Plus largement, l'on peut s'interroger sur la réalité de la "rupture avec la vieille politique", promise tout au long de la campagne. Repassons le film de ces derniers jours :

- Tensions et marchandage autour d'un accord électoral avec le Modem, après avoir juré qu'un tel accord n'existait pas.

- Investitures aux législatives : prime donnée aux ralliés de la première heure, c'est-à-dire la récompense non du mérite ou du talent, mais de l'intuition et du sens de la chronologie.

- Déstabilisation des adversaires, en débauchant l'un des leurs.
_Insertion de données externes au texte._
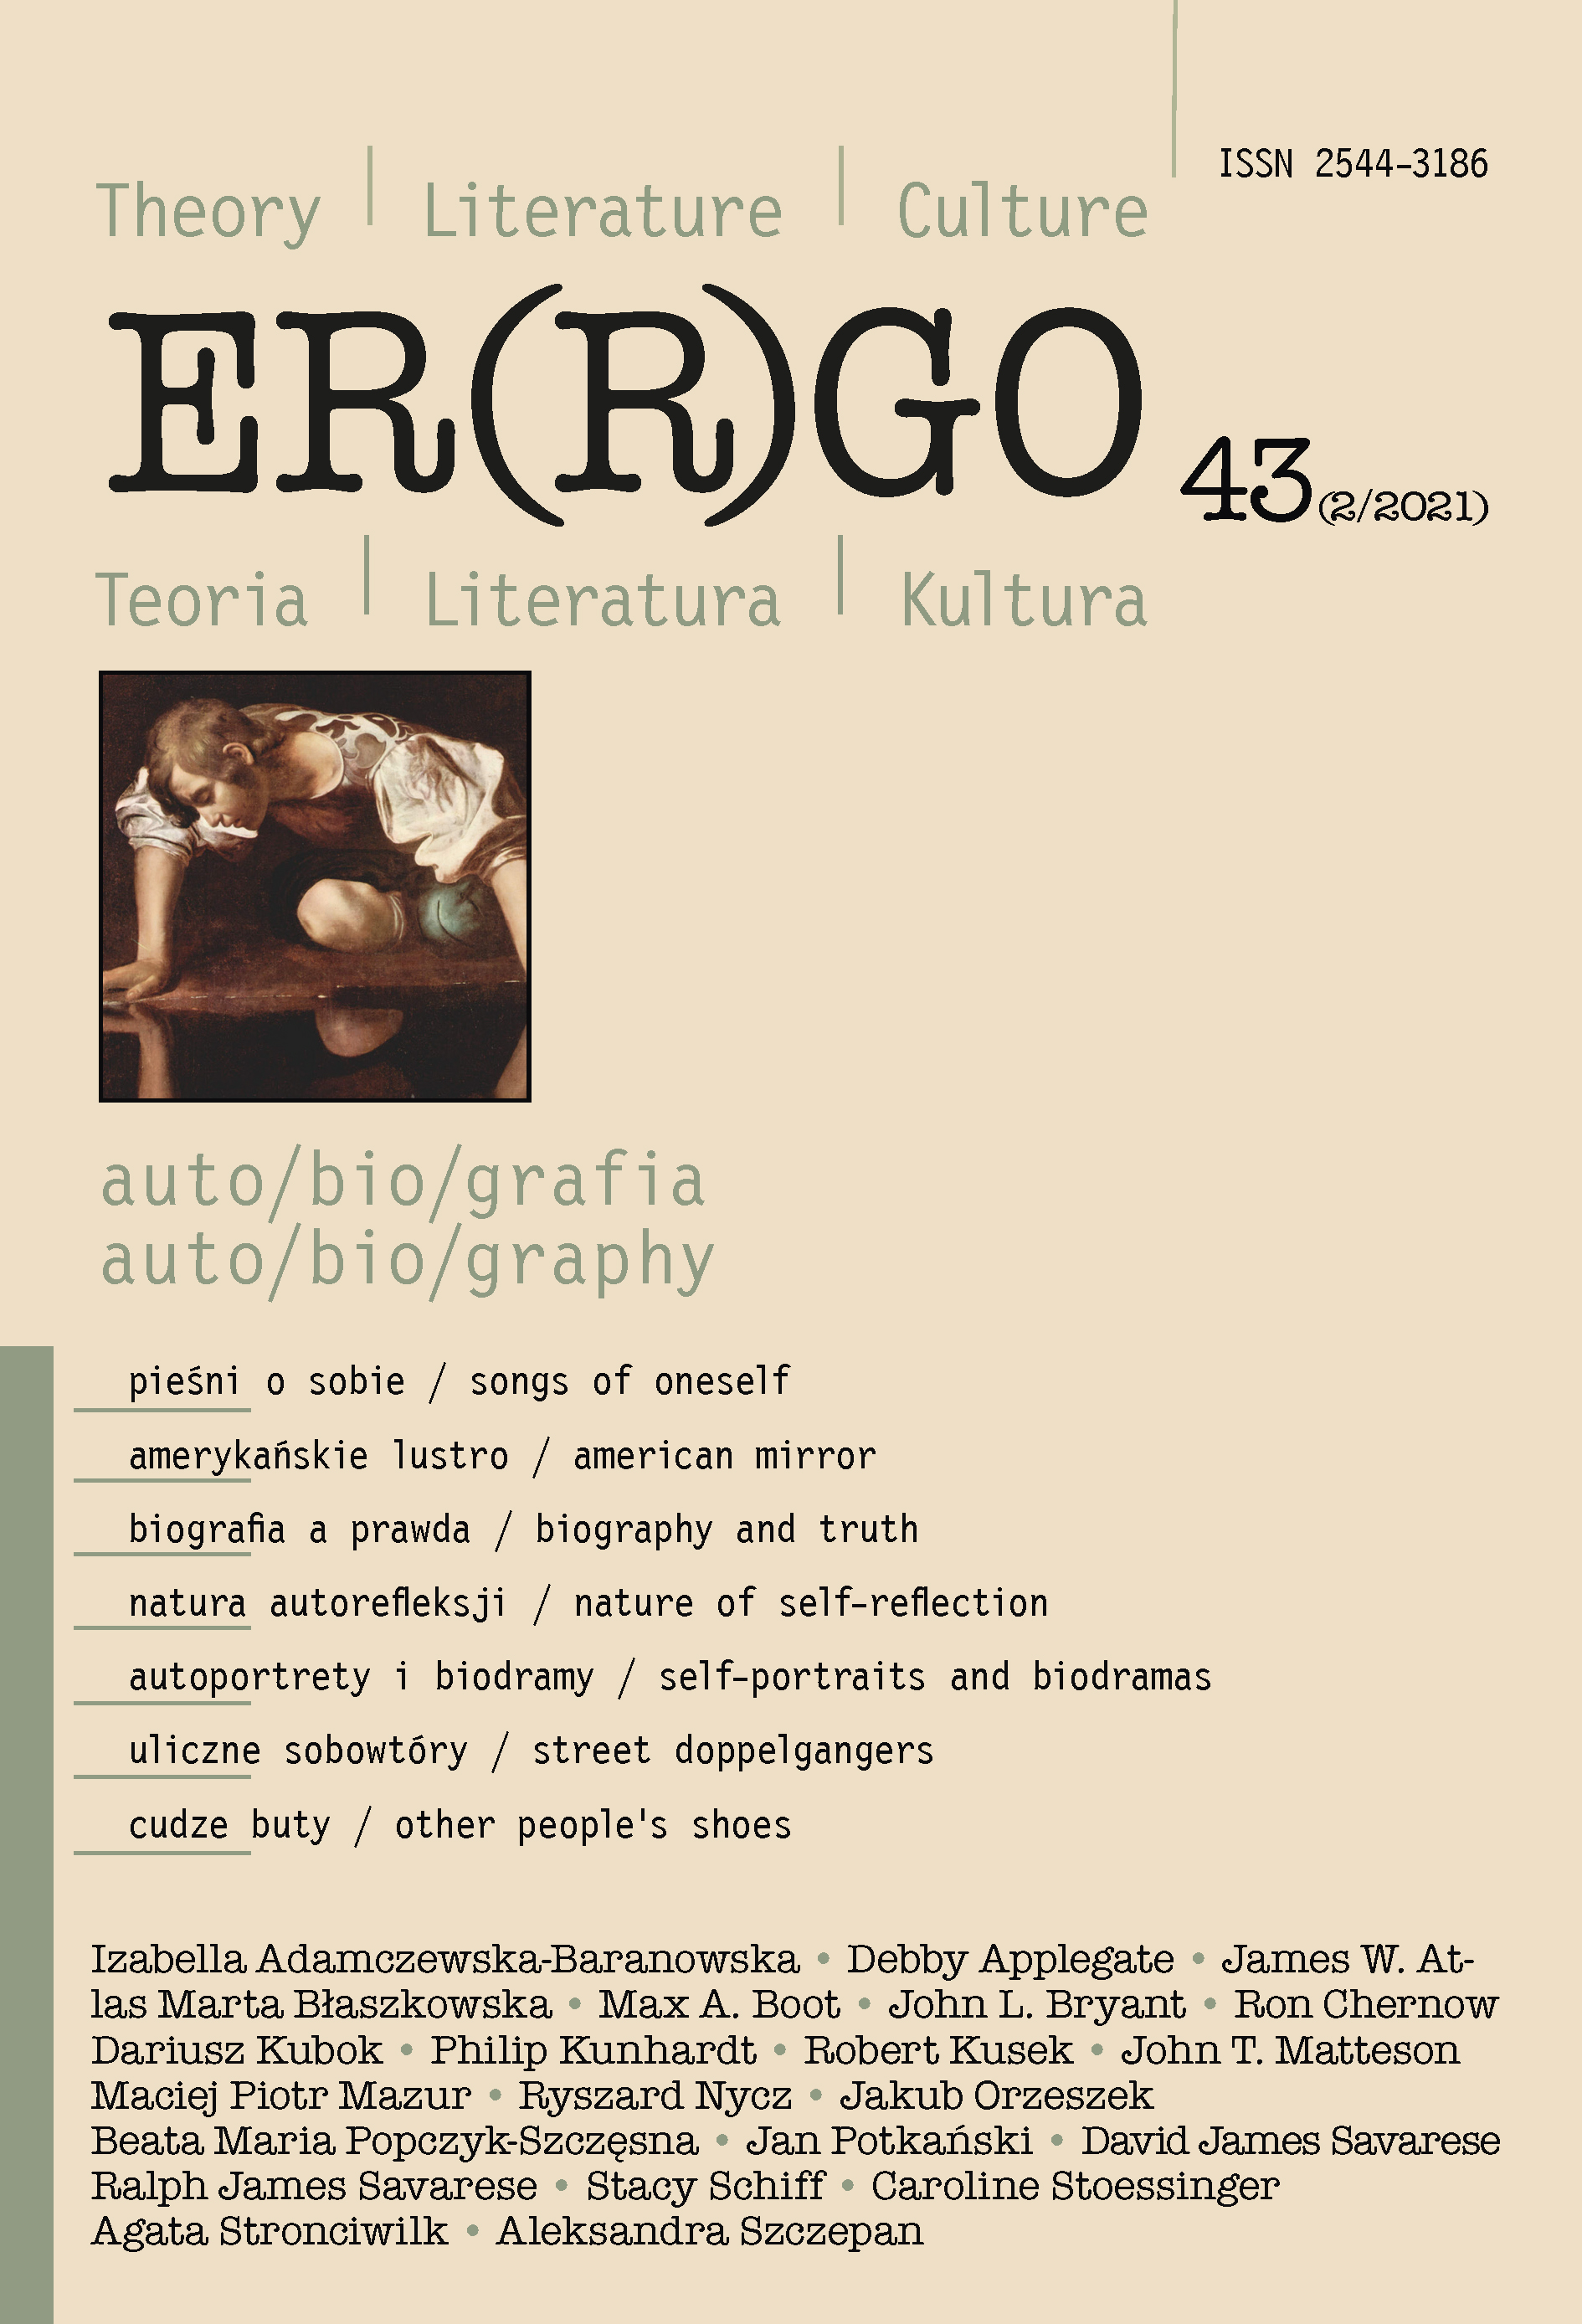 Encyclopaedierotic as (Auto)biofiction: Roland Barthes par Ewa Kuryluk Cover Image

Emmanuel Macron, d'ailleurs ne s'en cachait pas, dans cette séquence issue du documentaire diffusé jeudi dernier dans Envoyé Spécial sur France 2 :

Questions, enfin, sur le "renouvellement" au sein de l'appareil d’État. A ce jour, Emmanuel Macron a procédé à 6 nominations : 6 hommes, 4 énarques, dont l’un est à la tête du gouvernement. L’épine dorsale du" système Macron", pour ce que l’on en connaît jusqu’à présent, est donc issue du même moule. "Un chamboule tout qui ne chamboule pas grand-chose", résume l'eurodéputé PS Emmanuel Maurel, qui tient chronique dans le journal l'Opinion.

Et si finalement le renouvellement était là ? Par ces nominations, le chef de l’État s'affranchit de l'air du temps. Bouscule cette doxa qui veut que les sur-diplômés soient les dernières personnes à qui il faudrait confier des responsabilités.

Emmanuel Macron avait promis d’être un président "jupitérien" ; en nommant Édouard Philippe, il s’adjuge plutôt la place du soleil, au centre, tandis que les débris et les restes des vieux partis lui tournent autour.